**What the exercise asks:**
The required result is an exact copy of the lines from the one containing "Image for the" to the last line of the records, both ends included, without pictures.

**Provided material:**
________

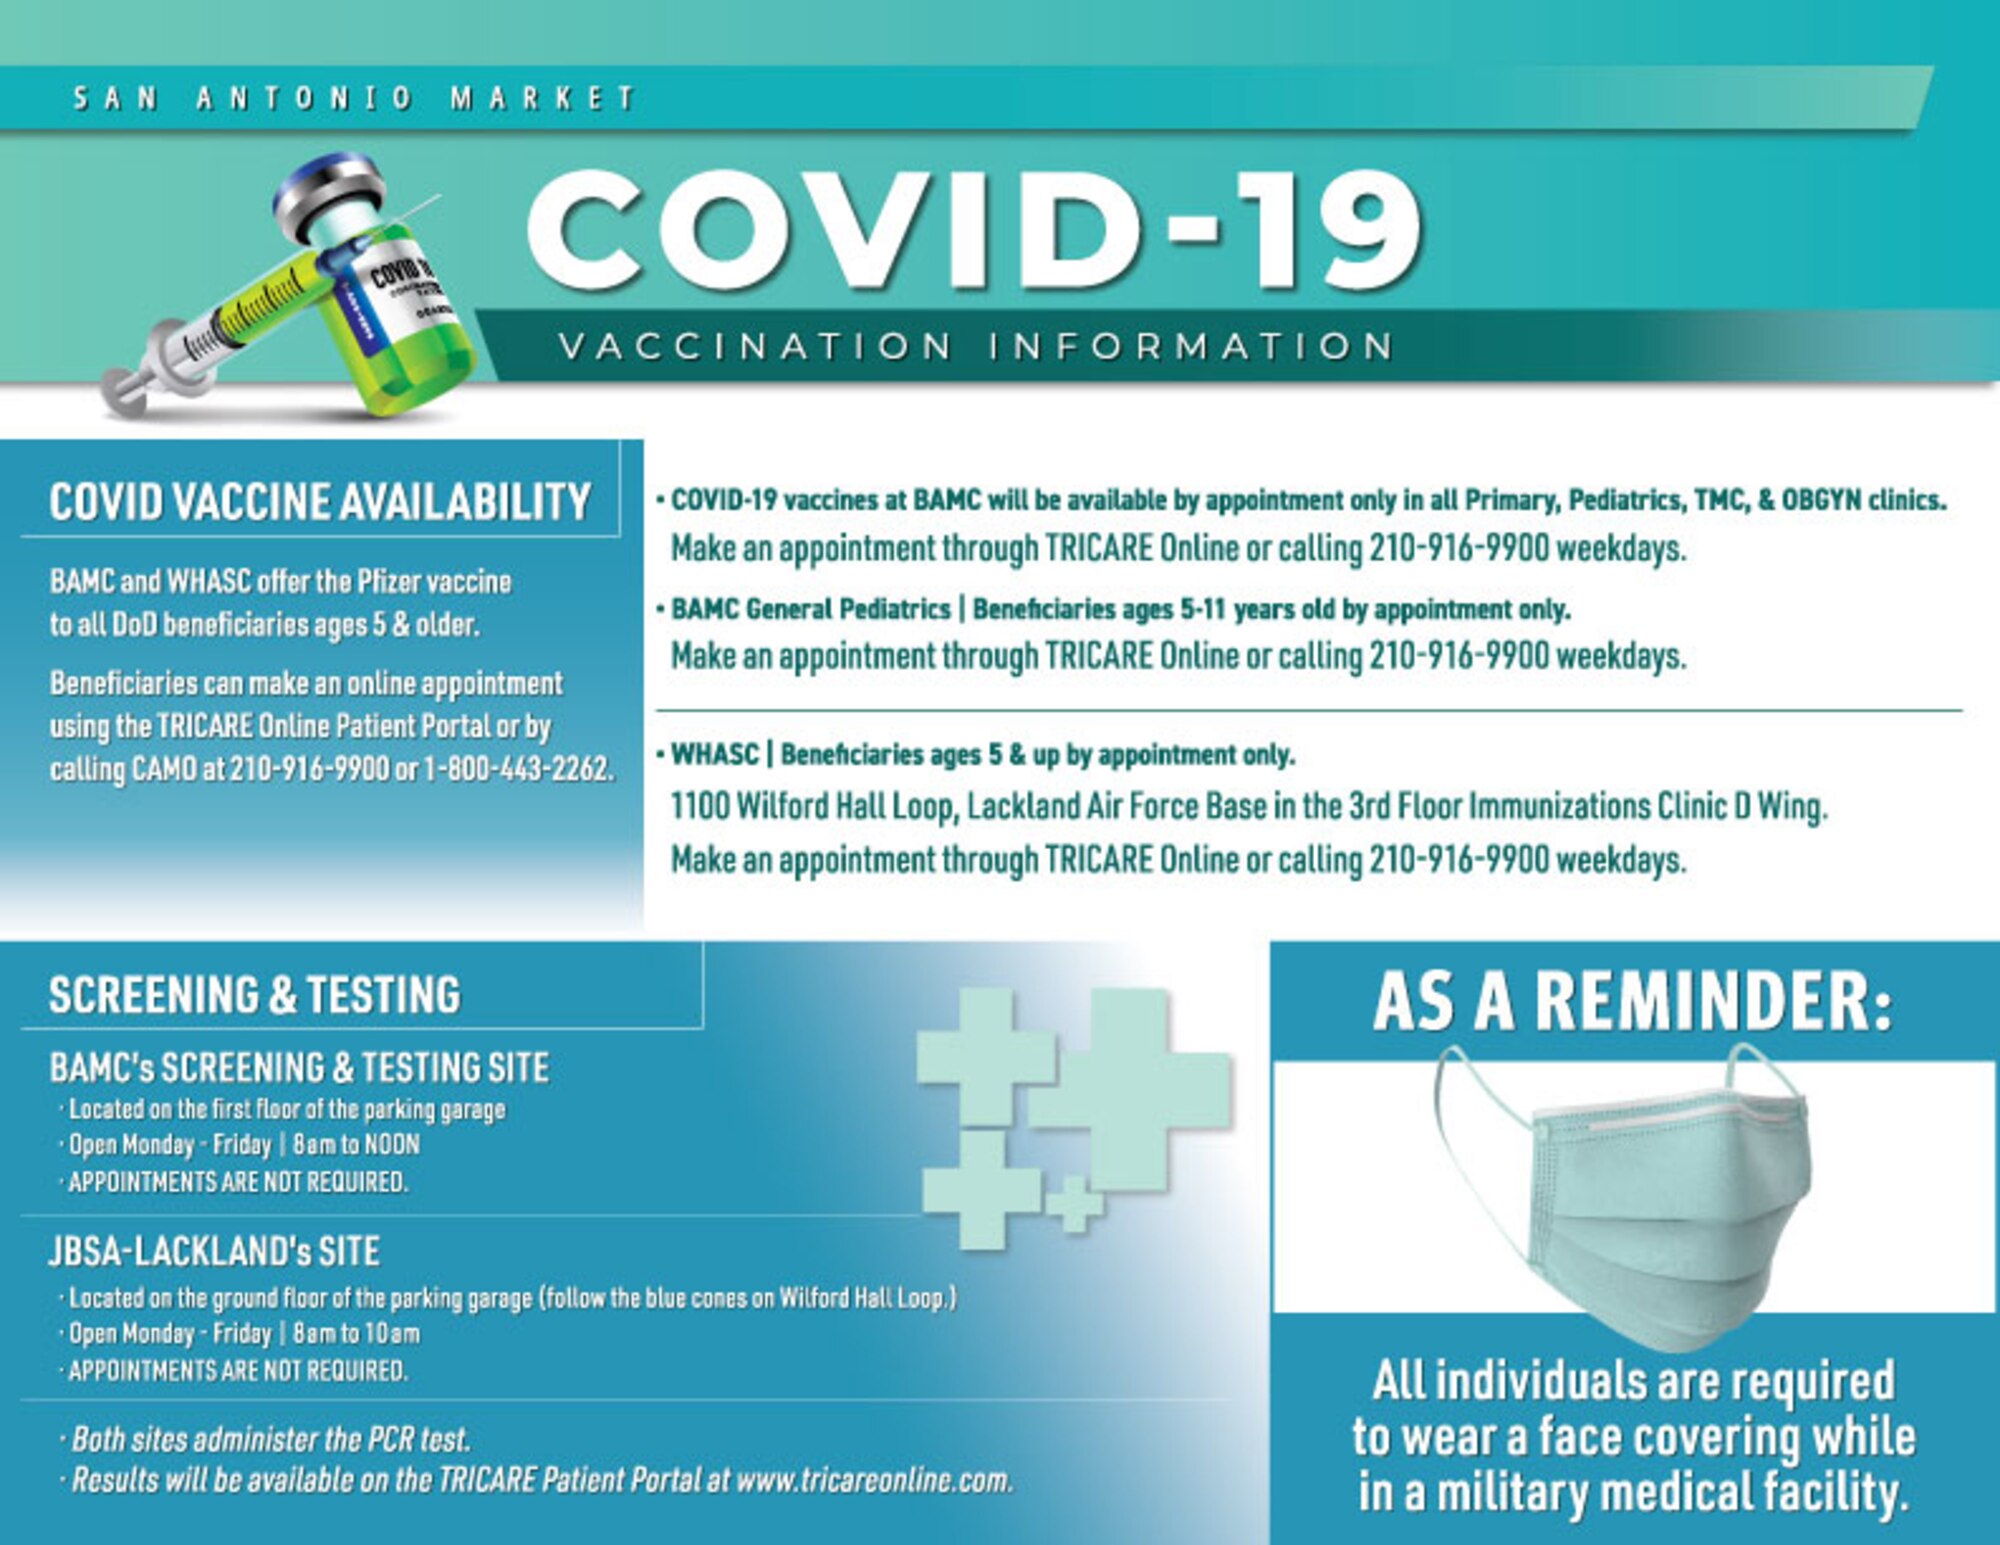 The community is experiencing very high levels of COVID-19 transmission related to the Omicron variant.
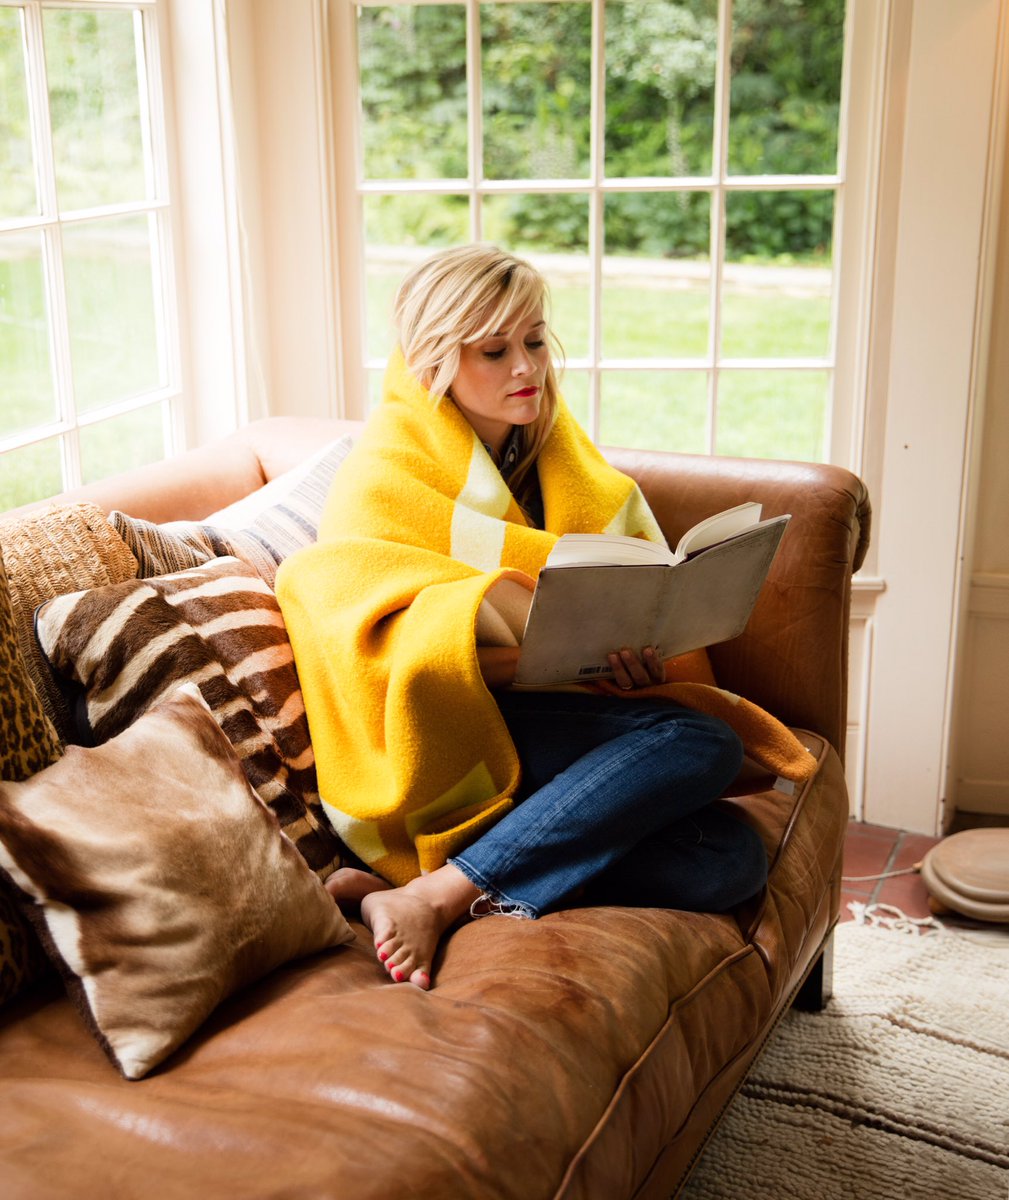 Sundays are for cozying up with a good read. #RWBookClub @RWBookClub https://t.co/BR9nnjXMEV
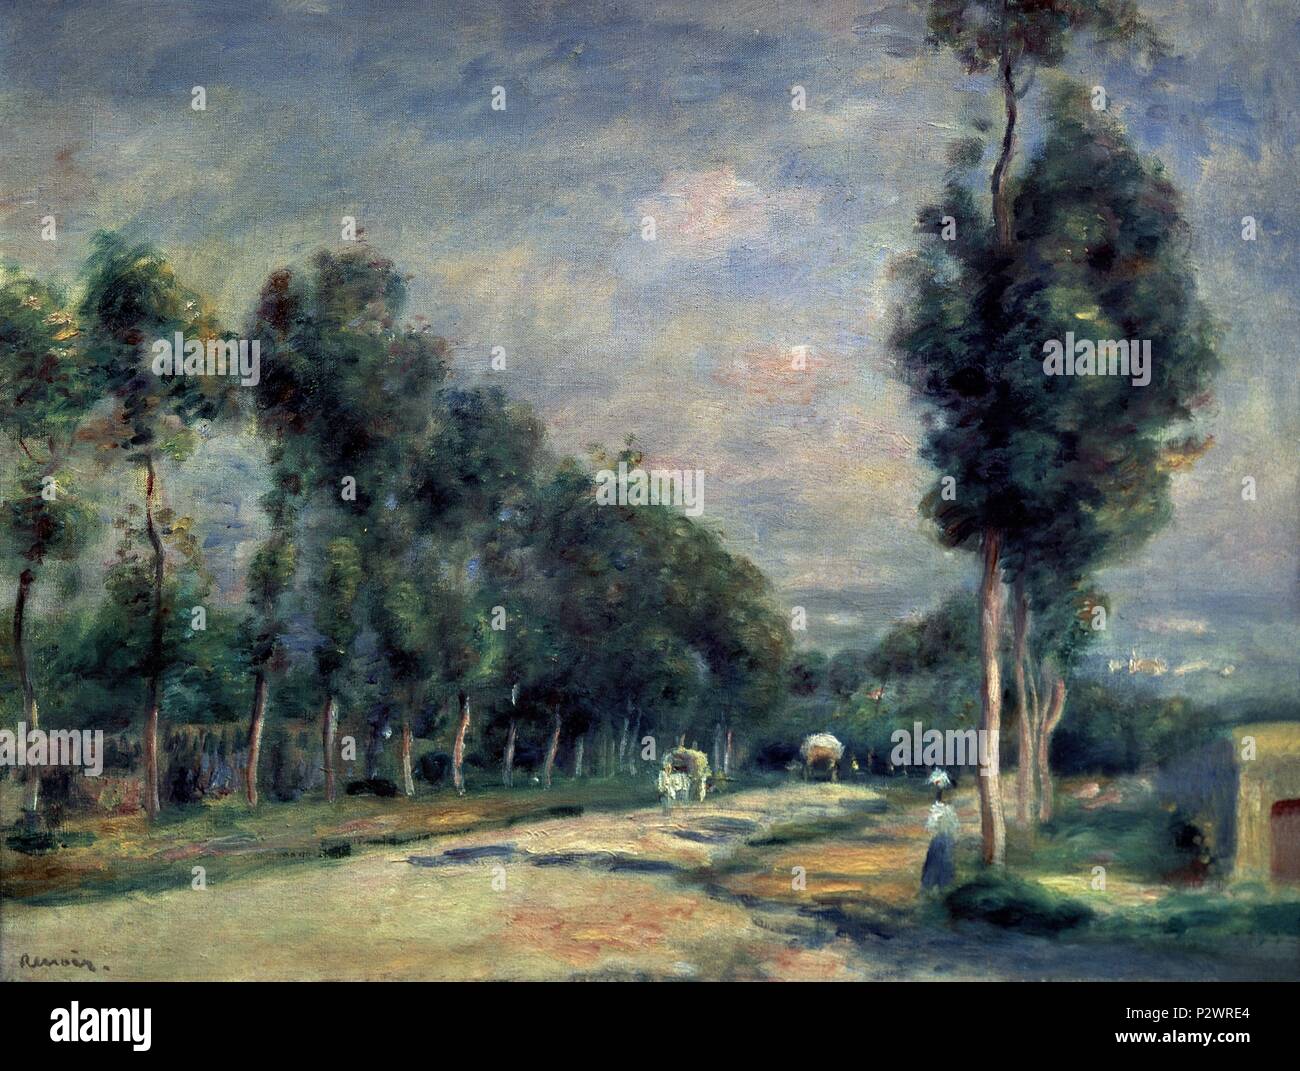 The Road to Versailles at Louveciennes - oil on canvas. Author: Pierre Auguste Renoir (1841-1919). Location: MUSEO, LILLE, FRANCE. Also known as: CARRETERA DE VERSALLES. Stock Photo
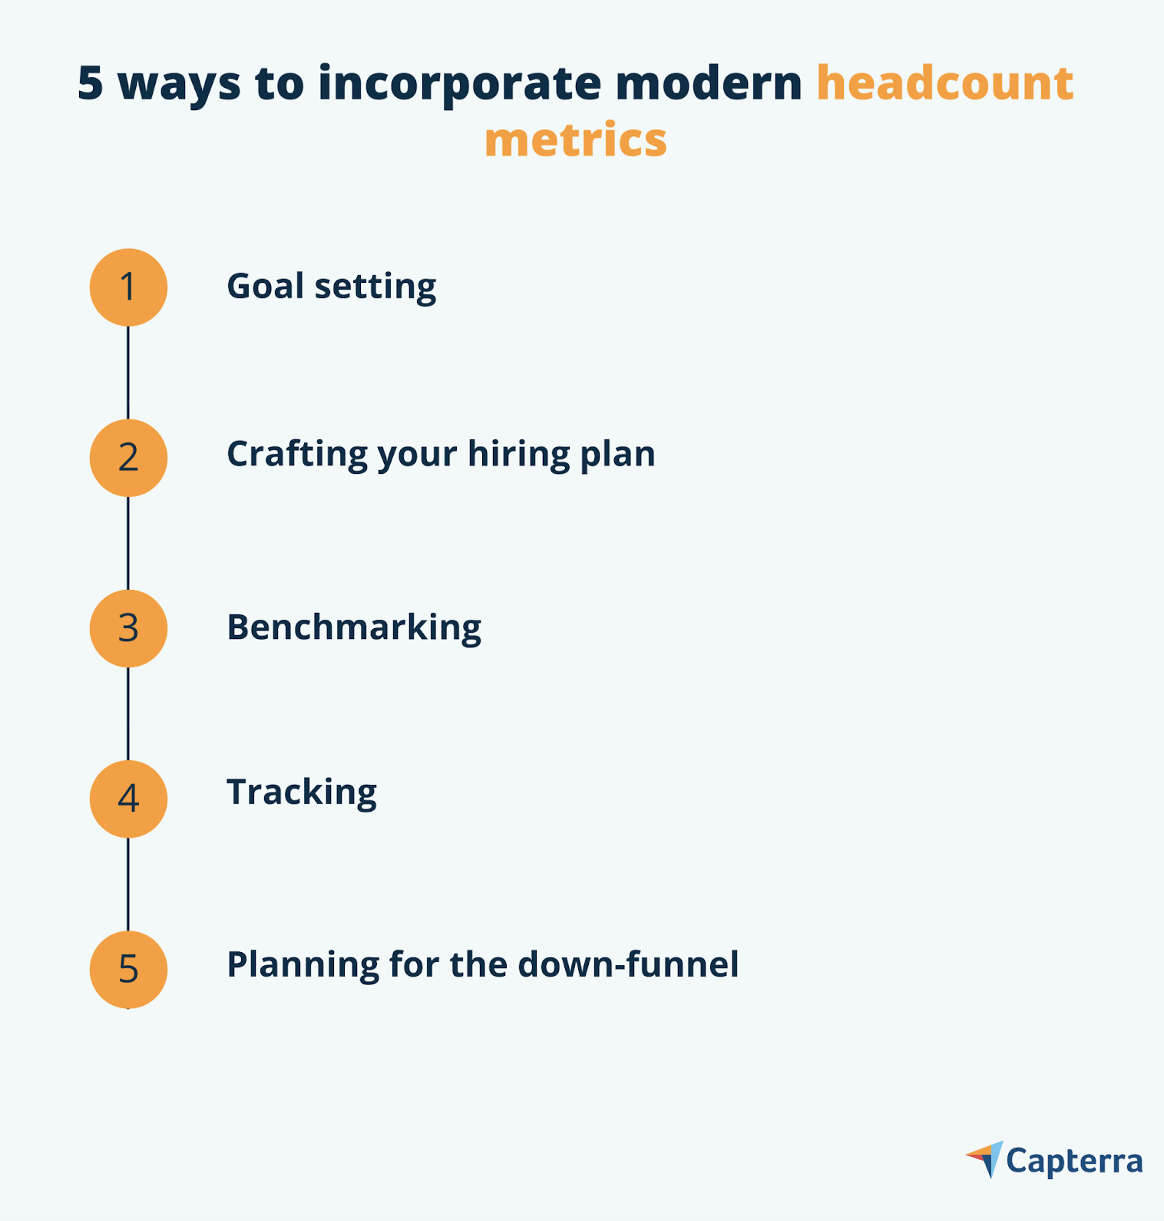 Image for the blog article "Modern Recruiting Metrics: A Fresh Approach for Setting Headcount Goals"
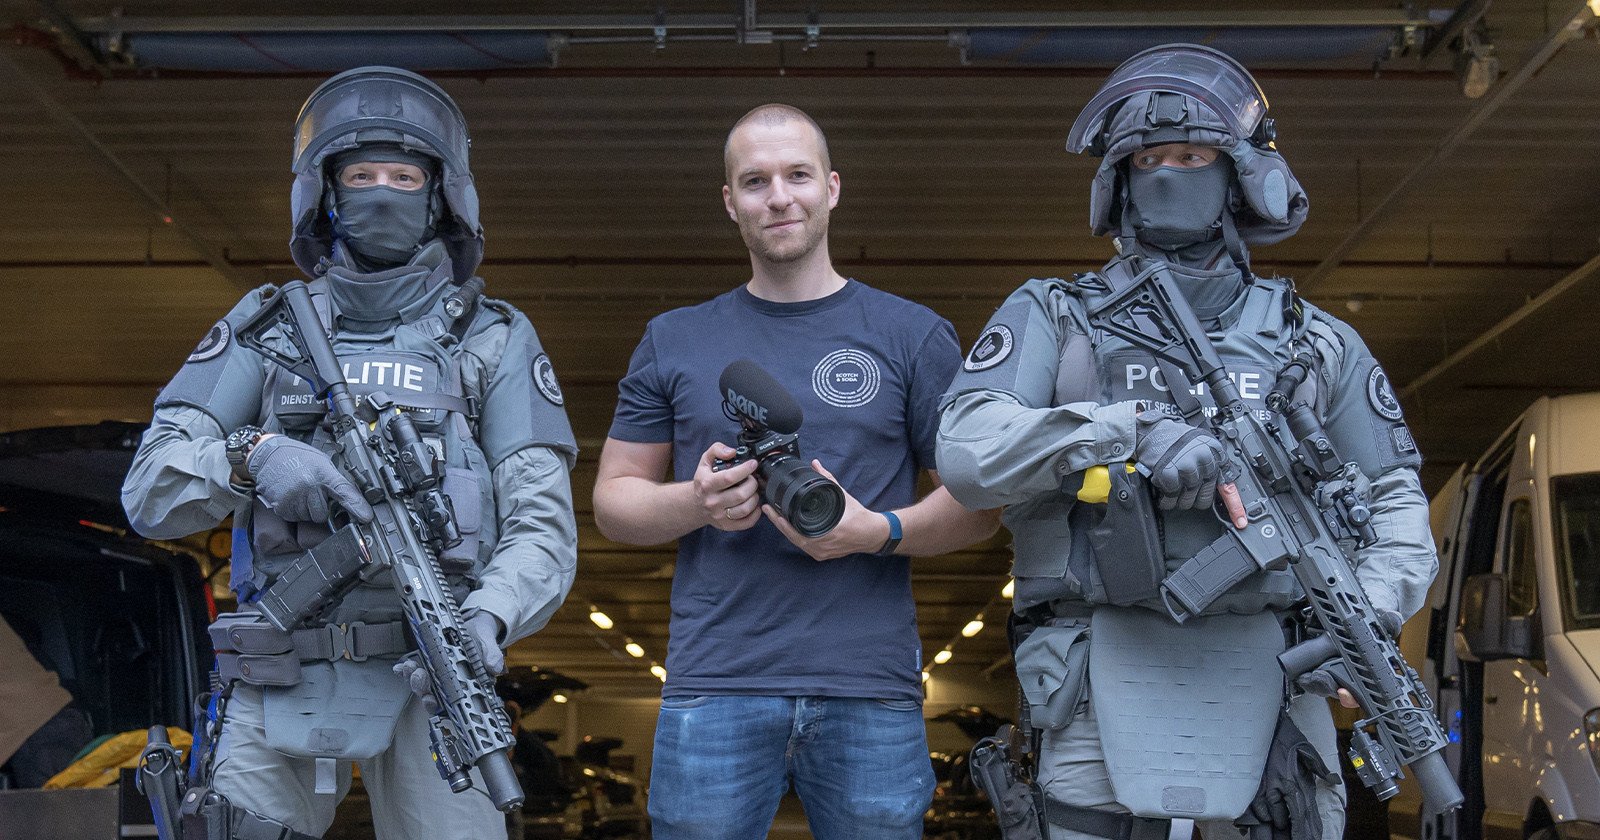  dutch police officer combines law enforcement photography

________

**Answer space:**
 Image for the blog article "Modern Recruiting Metrics: A Fresh Approach for Setting Headcount Goals"
  dutch police officer combines law enforcement photography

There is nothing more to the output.